Background information
- Born: Giovanni Calone 3 May 1951 (age 75) Naples, Italy
- Genres: Traditional pop
- Occupations: Singer; television presenter; actor; director;
- Instruments: Vocals; keyboards; guitar;
- Years active: 1964–present

= Massimo Ranieri =

Giovanni Calone (born 3 May 1951), known professionally as Massimo Ranieri, is an Italian singer, actor, television presenter and theatre director.

==Biography==
===Early life===
Ranieri was born in Borgo Santa Lucia, Naples, the fifth of eight children in the family. When he was 10, young Giovanni would sing at restaurants, wedding receptions, etc. He was discovered by a music producer about four years later and was flown to New York to record an EP under the name of Gianni Rock.

===Singing career===
Calone recorded four songs in 1964: "Tanti auguri signora", "Se mi aspetti stasera", "Non chiudere la porta", and "La prima volta". None of the records were successful, primarily because his young voice was changing. Two years later, he would re-emerge under his new stage name, Massimo Ranieri. In 1966, he made his TV debut singing "Bene Mio". A year later, he made another TV appearance singing "Pietà per chi ti ama". In 1968, he recorded two more songs: "Da bambino", "Ma l'amore cos'è" and "Preghiera".

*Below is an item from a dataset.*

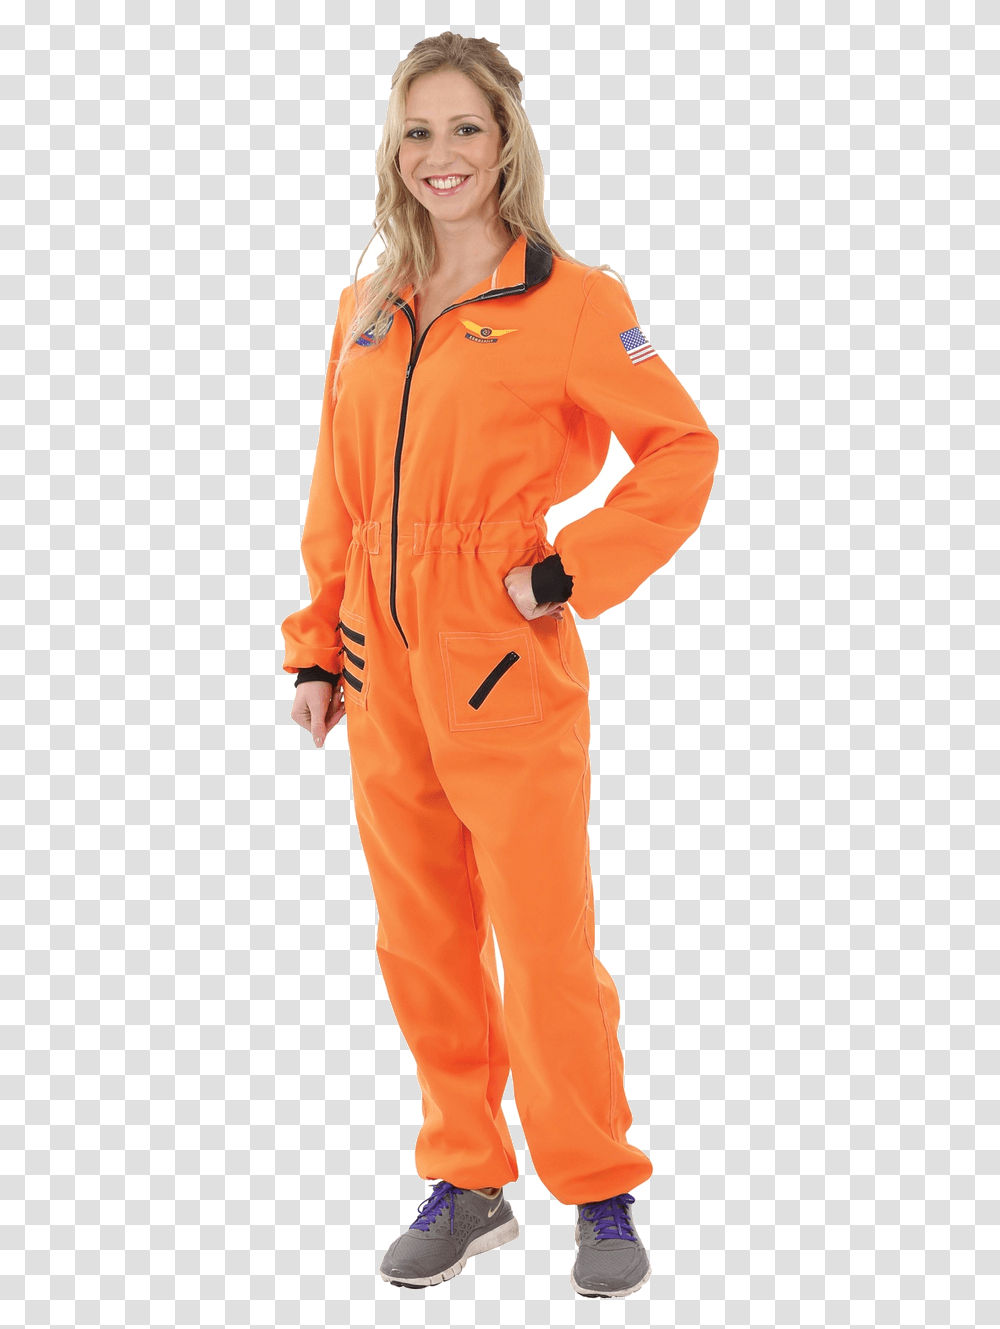 Female Orange Astronaut Costume, Apparel, Coat, Person Transparent Png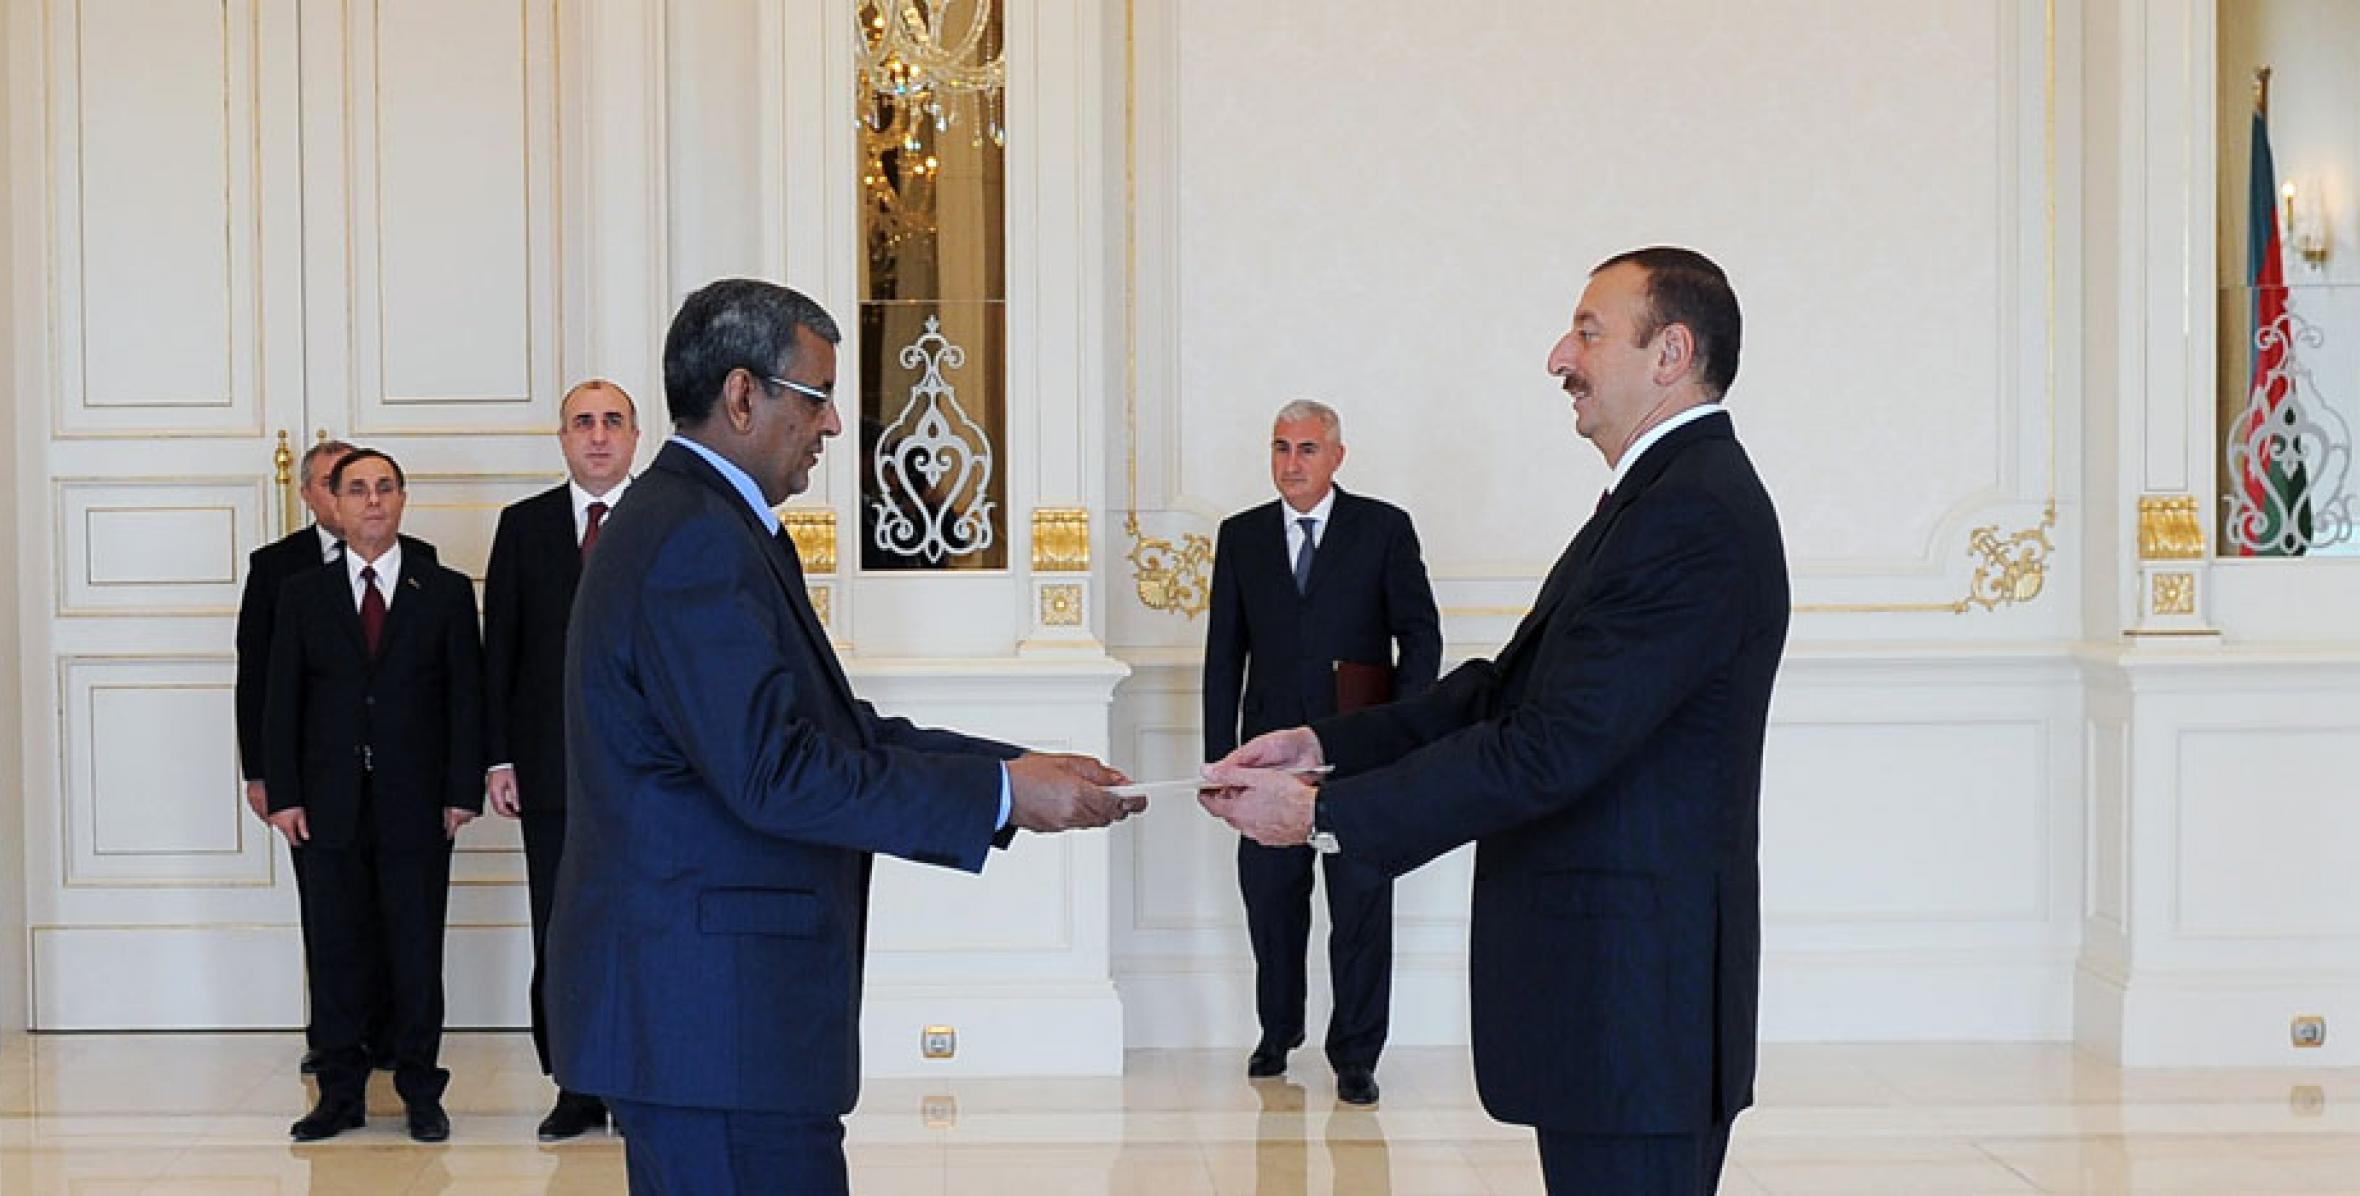 Ильхам Алиев принял верительные грамоты новоназначенного посла Мавритании

It was not until 1969 that he achieved success and became a teen idol when he sang 'O sole mio" on live TV. That same year, he had a string of hits: "Rita", "Se bruciasse la città", "Quando l'amore diventa poesia", "Il mio amore resta sempre", "Rose rosse" and "Zingara". In 1970, "Vent'anni", "Sogno d'amore", "Sei l'amore mio", "Aranjuez Amore Mio", and "Candida".

In 1971, Ranieri recorded the songs "Adagio Veneziano", "Via del Conservatorio", and "Io e Te". He represented Italy in the Eurovision Song Contest 1971 where he placed 5th with the song "L'amore è un attimo". In 1972, he released the songs "Ti ruberei", 'O surdato 'nnammurato", and "Erba di casa mia"; in 1973, "Amo ancora lei". He returned to the Eurovision Song Contest 1973, to represent Italy with "Chi sarà con te", where he placed 13th. In 1974, came the singles "Te voglio bene assaie", "Immagina", and "Per una donna".

In 1988, he made a comeback to his singing career with the song "Perdere l'amore", which won the Sanremo Music Festival 1988, that year. In 1997, he made another comeback with "Ti parlerò d'amore".

In February 2007, he started a concert tour of Italy, titled "Canto perché non-so nuotare...da 40 anni", which lasted for more than two years, with more than 500 shows, was made into a CD and a DVD, which went platinum.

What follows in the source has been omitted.